From the line with "多摩動物公園 公式 最近気が付いたのですが" to the final line of the data below, please write out every line exactly, with no pictures.

===== Data section

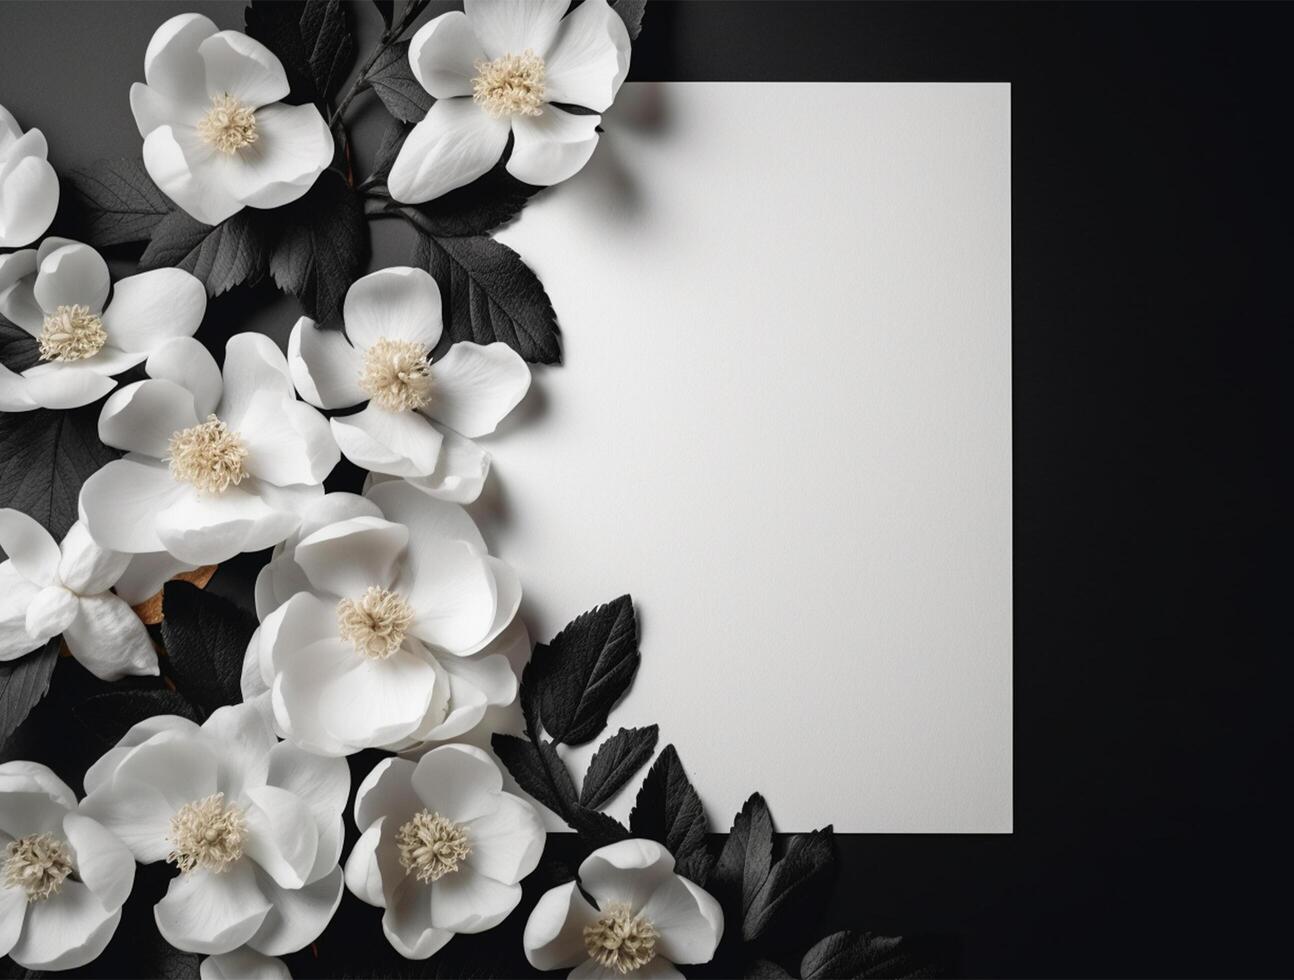 blanco papel con tropical hojas y flores plano poner, parte superior vista, Copiar espacio ai generado foto
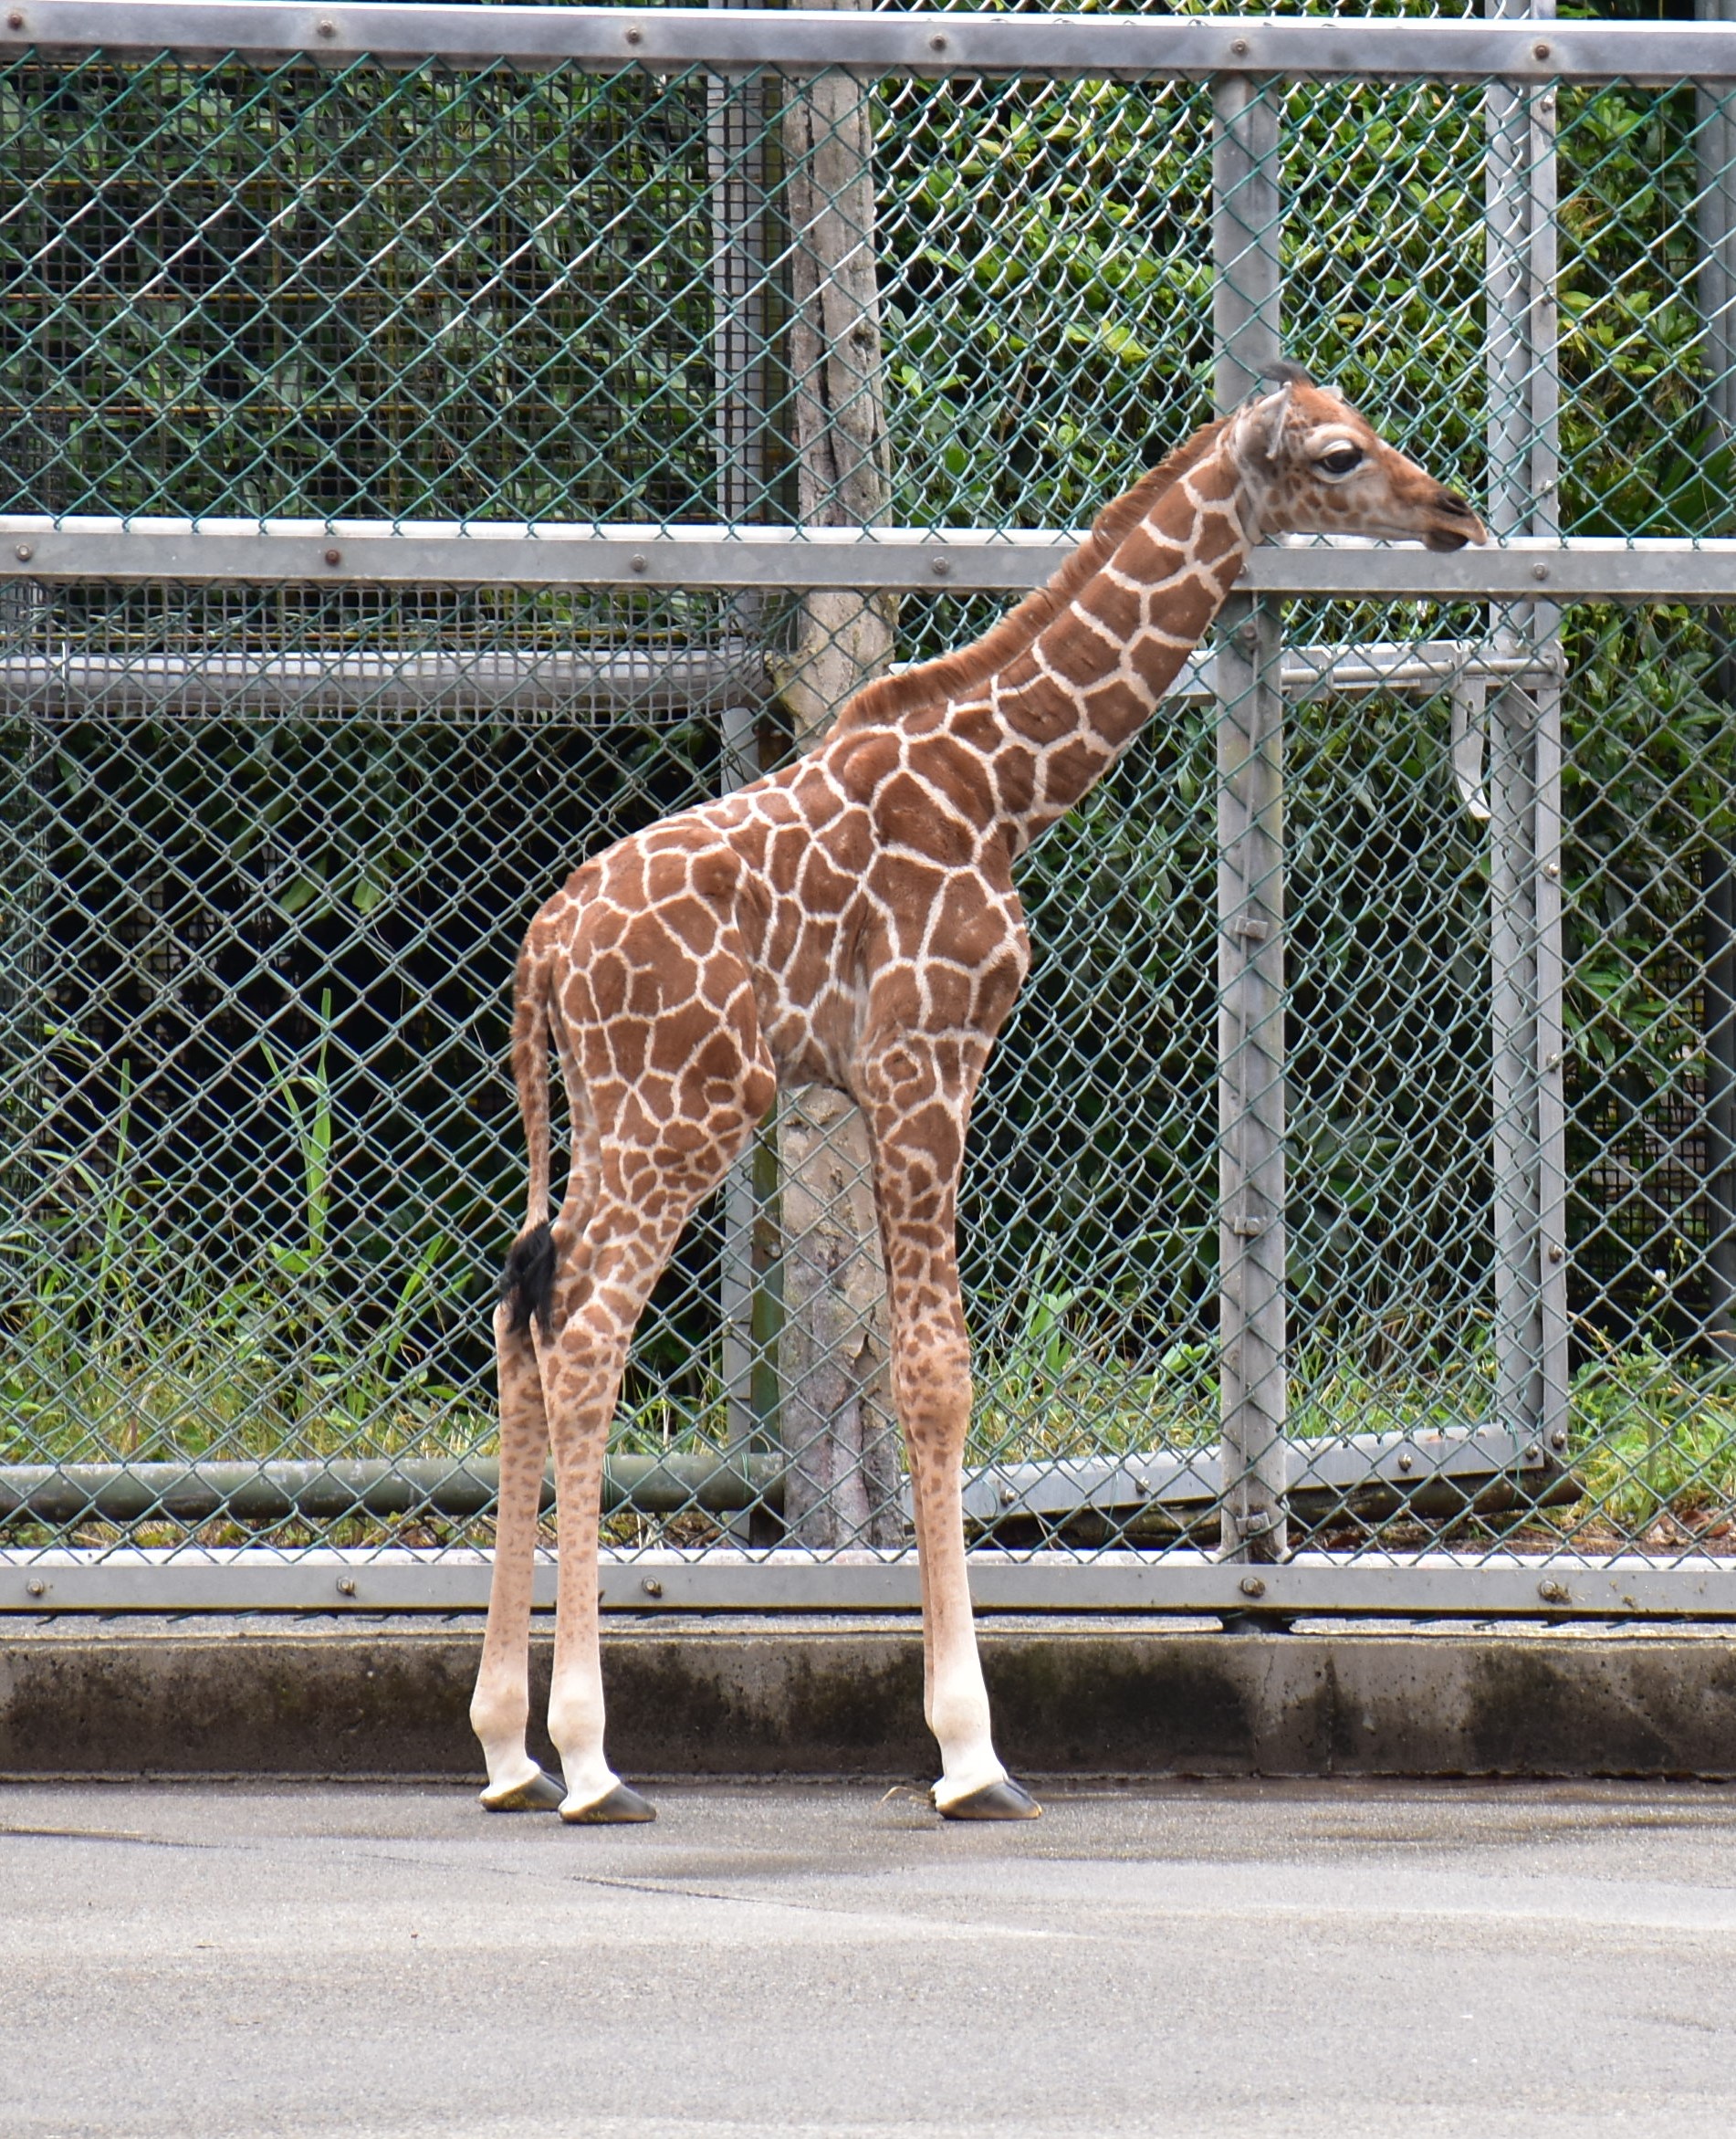 多摩動物公園 公式 最近気が付いたのですが チーターの模様は 体より肢の方が大きいんですね てっきり 細い部分 小さい部分は模様も小さくなるものかと思っていました キリンは後者で 肢の方が模様が小さいです 普 キリン Giraffe
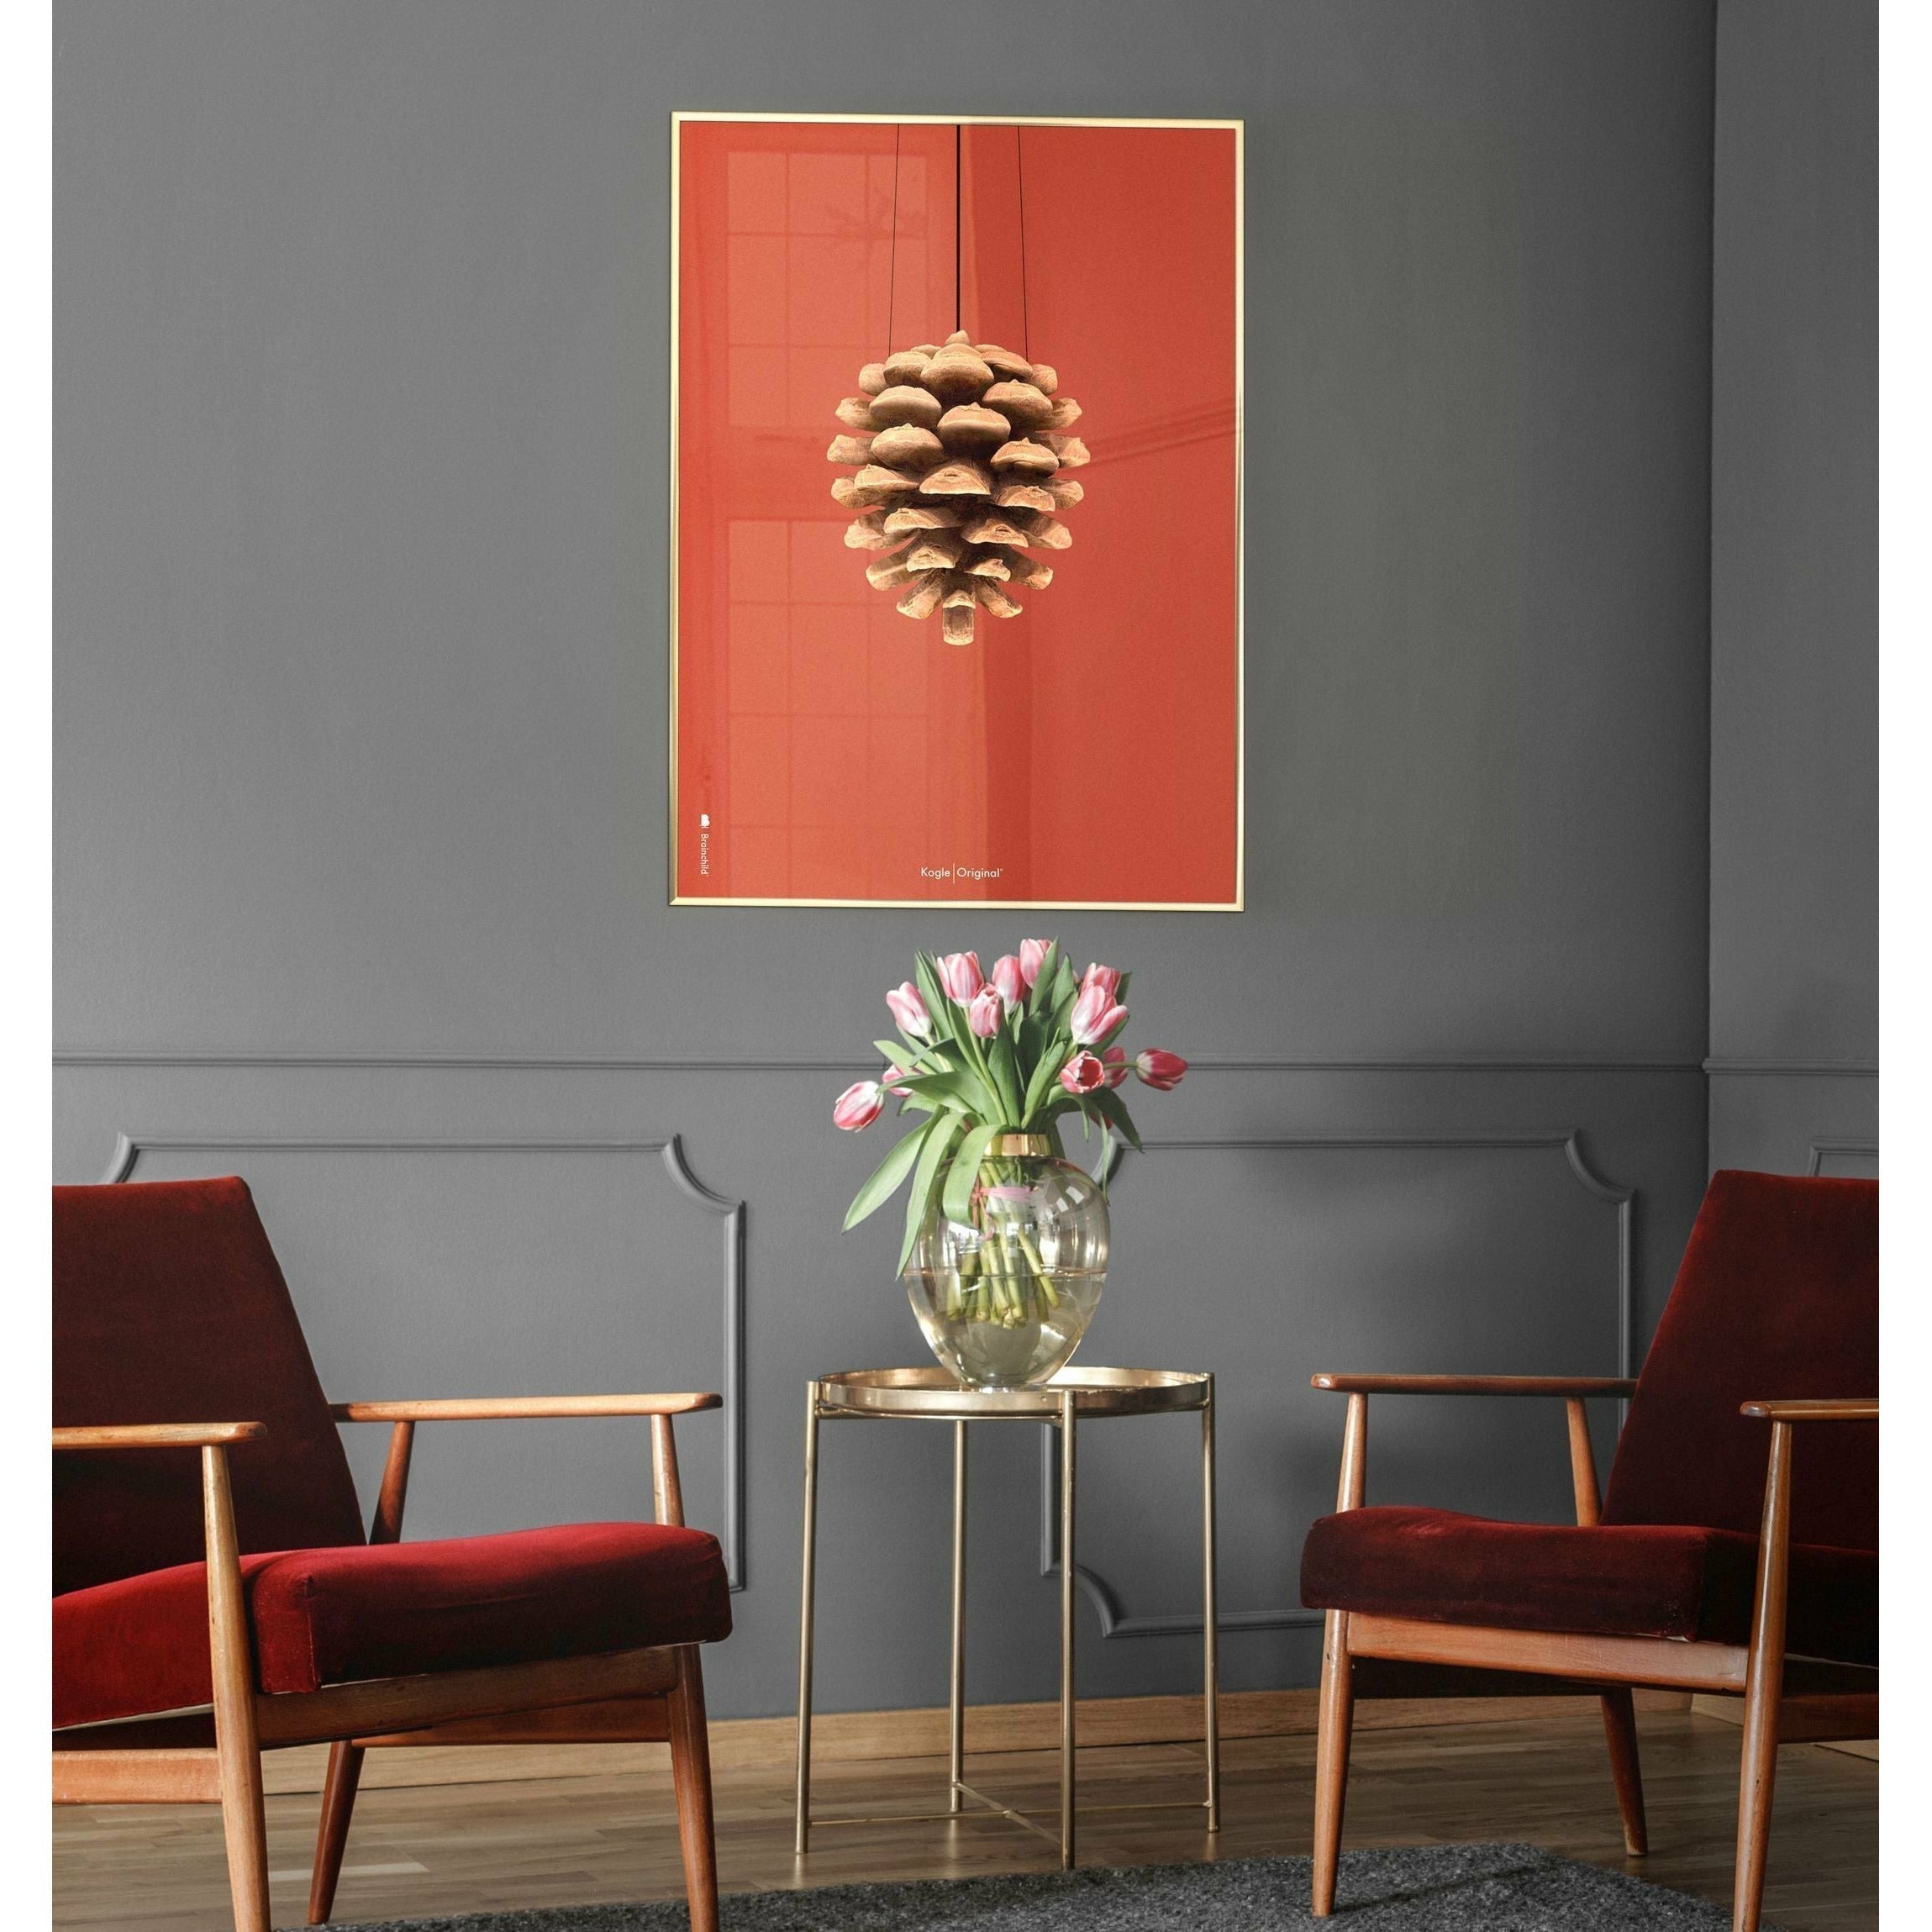 Póster clásico de cono de pino de creación, marco hecho de madera clara 30x40 cm, fondo rojo

==========

> **Result**
 多摩動物公園 公式 最近気が付いたのですが チーターの模様は 体より肢の方が大きいんですね てっきり 細い部分 小さい部分は模様も小さくなるものかと思っていました キリンは後者で 肢の方が模様が小さいです 普 キリン Giraffe
 Póster clásico de cono de pino de creación, marco hecho de madera clara 30x40 cm, fondo rojo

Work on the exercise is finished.